Residual distributions

As noted, presentations of “active” compound selection usually present well-spaced normal distributions or roughly equal size (see SI section S.3). To test the assumption that “active” compounds (those not belonging to the best fit normal distribution) follow normal distributions and to estimate their characteristics, the residual histograms were computed (Fig. 3a,c,e). Modelling the data in this manner also allows the ratio of “active” to “inactive” compounds to be computed for each position along the response axis (Fig. 3b,d,f). This approach was applied to the three screens considered previously (Fig. 2). The residual distribution from the AID 1053175 data contained ~27,000 compounds but did not show an obvious center (Fig. 3a). The maximum appeared approximately 1.5–1.7 σ below the center of the “inactive” distribution depending on whether the σ was from the best fit normal (1.5) or DSD (1.7). Based on the shape, the “true” center may be closer to the inactive distribution but in the absence of better models of “active” distributions and “inactive” behavior this remains speculative. The AID 488862 data set gave a nearly symmetric residual distribution (Fig. 3c) containing ~25,000 compounds having a maximum ~2.4σ below the center of the “inactive” distribution and no resemblance to a normal distribution. The AID 1224905 data gave a residual distribution (Fig. 3e) containing around 14,000 compounds with a maximum ~2σ above the center of the inactive distribution. The residuals showed no resemblance to a normal distribution. Consideration of the probability plots (Fig. 3b,d,f) suggests that “active” compounds may appear on both sides of the inactive distribution.

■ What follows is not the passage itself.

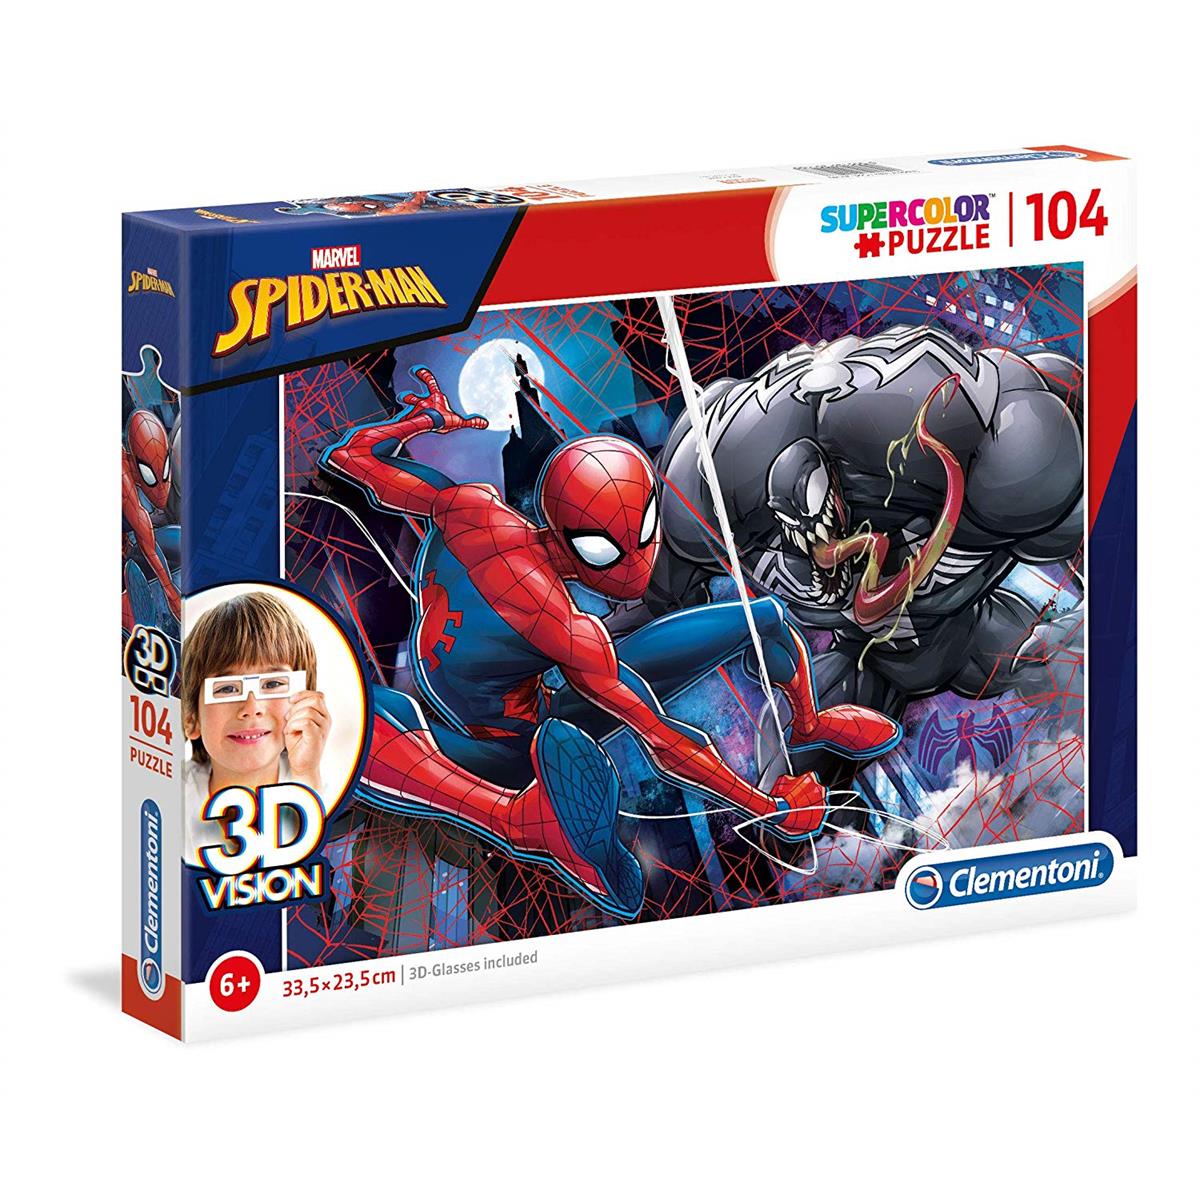 imza Kompozisyon Daktilo  Clementoni 104 Parçalı 3 Boyutlu Spiderman Yapboz Örümcek Adam Puzzle  Clementoni 6 Yaş ve Üzeri Çocuk Yapbozu – Bebekya
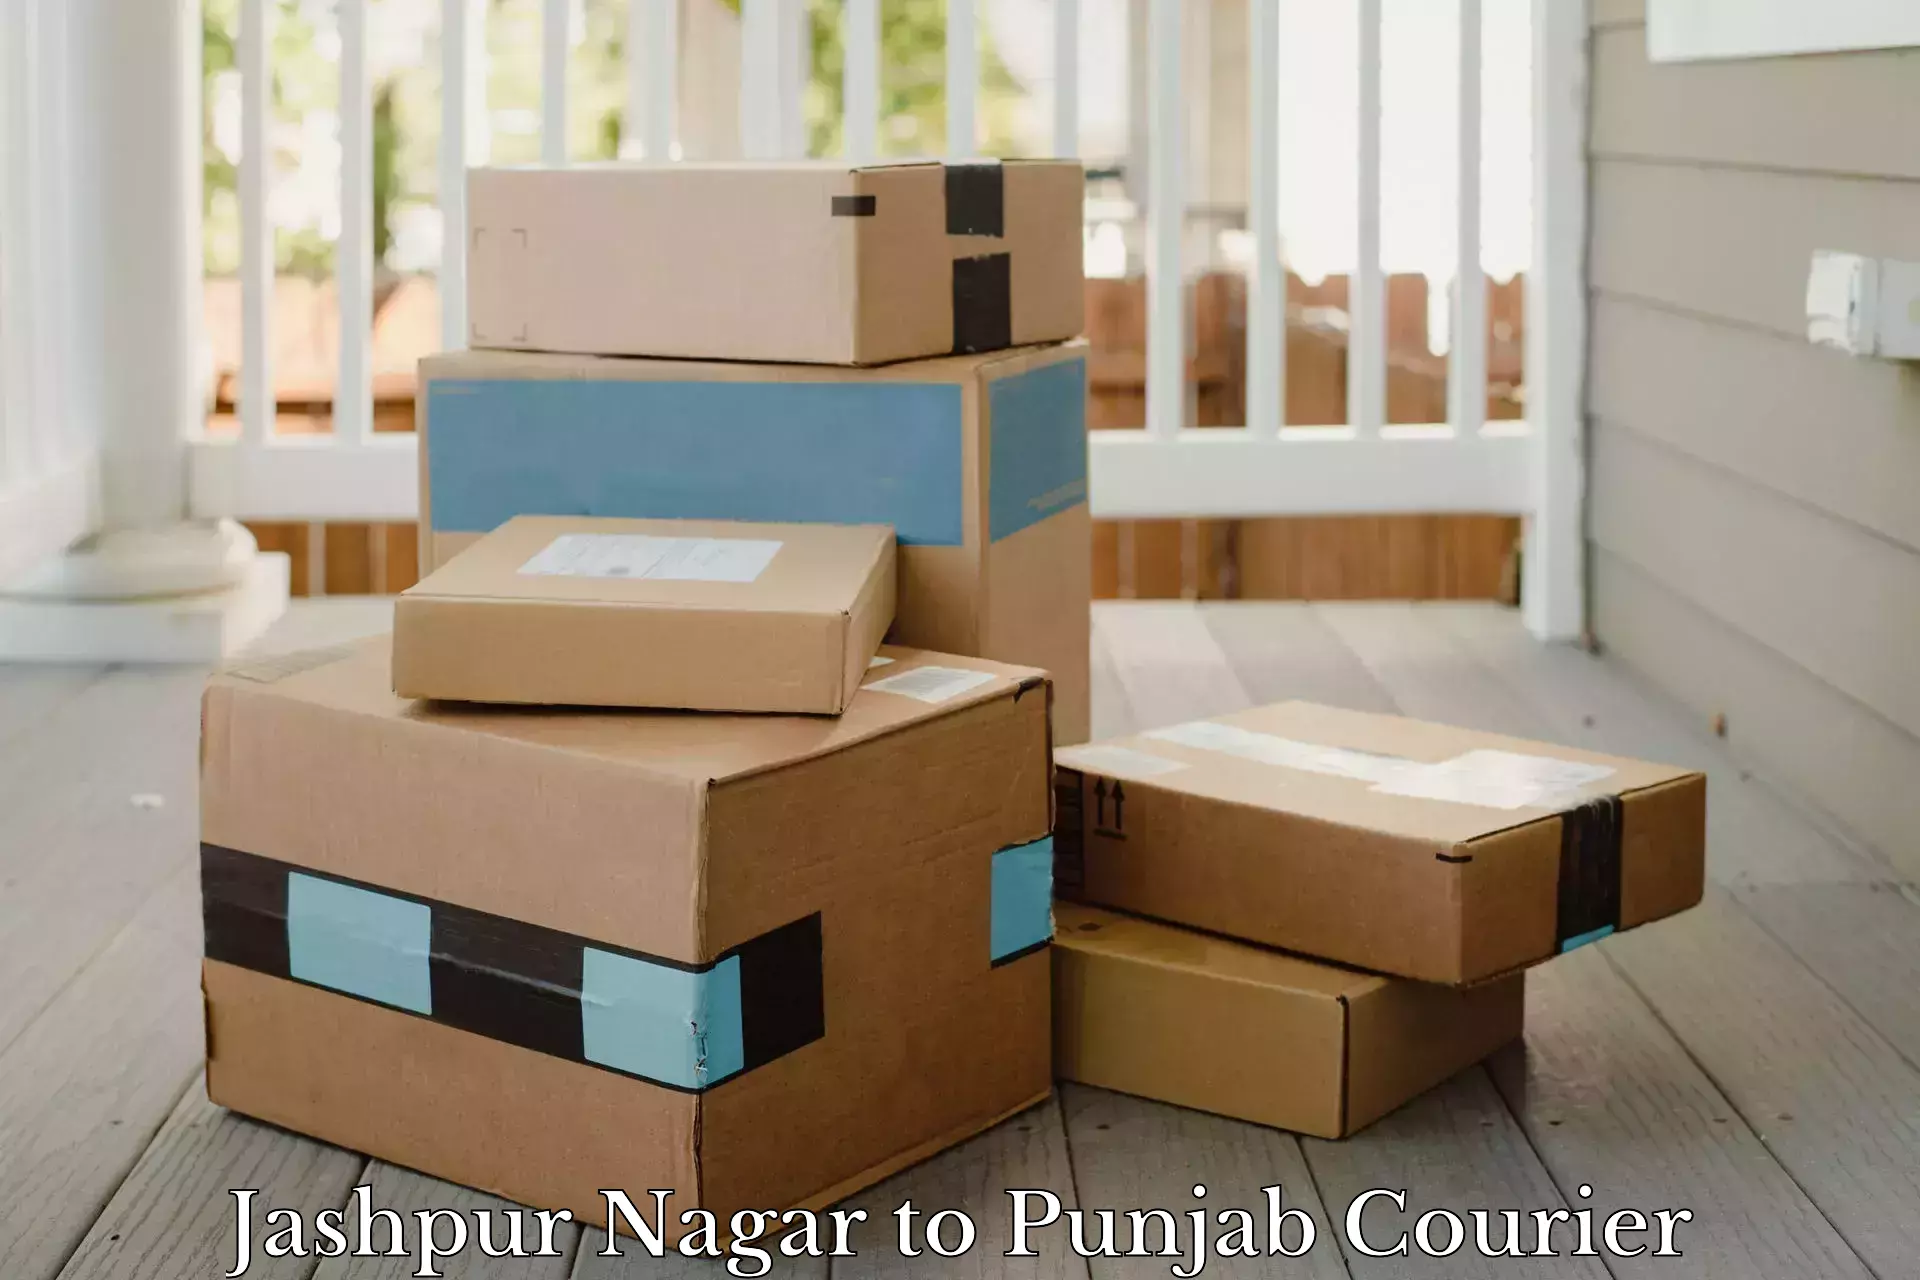 Dynamic courier services Jashpur Nagar to Punjab

These results support three clear conclusions. 1) Compounds not contained in a single “inactive” distribution were not rare (~66,000 in these three data sets) and represented 6.7–8.2% of compounds tested. 2) “Active” and “inactive” distributions were not always well-spaced and a large number of “active” compounds were hidden under the wings of the “inactive” distributions. In the absence of better measurements, it is impossible to identify these compounds. 3) Compounds not contained in the “inactive” distribution do not resemble normal distributions and exhibit a variety of shapes. In the absence of knowledge of the position, scale, and shape of “active” compounds it is difficult to set reasonable thresholds. This pool of ~66,000 compounds represents an enormous opportunity currently lost in the noise of current methods.

Follow up data

The AID 504592 screen was a follow up study of 1121 compounds assigned as “active” in the AID 488862 screen (Figs 2c,d and 3c,d). The follow on data set indicated that roughly 50% false positives were generated by the procedures applied to the primary screening data. In the original processing of the follow on screen (1121 compounds, 540 active, 525 inactive), three outcomes were indicated: i) if both measurements exceeded 50% it was declared “active”, if only one value was above 50% then the compound was deemed “inconclusive”, and if both values were below 50% it was declared “inactive”. A histogram of the average values (Fig. 4a) exhibited a peak showing reasonable correspondence to a normal distribution (μ = −4.5% and σ = 12.4) having a standard deviation close to that of the original screen. More importantly, this follow on screen had much poorer correspondence to a single normally distributed process and the best fit to a single DSD (Fig. 4b) gave a marginal fit with s = 7.37. The follow on screen was enriched in compounds exhibiting excess standard deviation (Fig. 4b). If a standard deviation >10% is considered as the threshold where the distribution of standard deviations begins to diverge from the expectations of a single process, a subgroup of 322 compounds are found (of which only 16 were assigned as active in the original study). Of these 255 are expected to be true high variability active compounds with 67 false positives. This high variability subgroup was heavily enriched and made up 23% of all compounds in the follow up study. If “active” is defined as a compound exhibiting either an average greater than μ +3σ (μ = −4.5% and σ = 12.4) and/or a standard deviation greater than 20%, a total of 721 compounds is found. Although unclear from the histograms, compounds deemed as “active” in the original assessment of the data set show a high degree of bias toward compounds with low standard deviations. This is due to the 100% upper bound in the measurements. These results add further support to the idea that a subpopulation of compounds exists exhibiting high variability. It also demonstrates that these compounds are enriched in this pool of compounds deemed active in the primary screen. In addition, data sets with an imposed upper or lower bound will deviate from simulations using widely held assumptions (see SI section S.3).

Figure 4
figure 4

Histogram of mean values (a) and histogram of standard deviations (b) for the 504592 data set (1121 compounds with N = 2). The histogram of mean values (left panel) was fit to two distributions (solid line) to account for the bimodal behavior. The clear bimodal behaviour allows the high mean “active” group to be separated from other compounds. The distribution of standard deviations indicates enrichment of high variability compounds and less resemblance to a normally distributed process than the primary screen.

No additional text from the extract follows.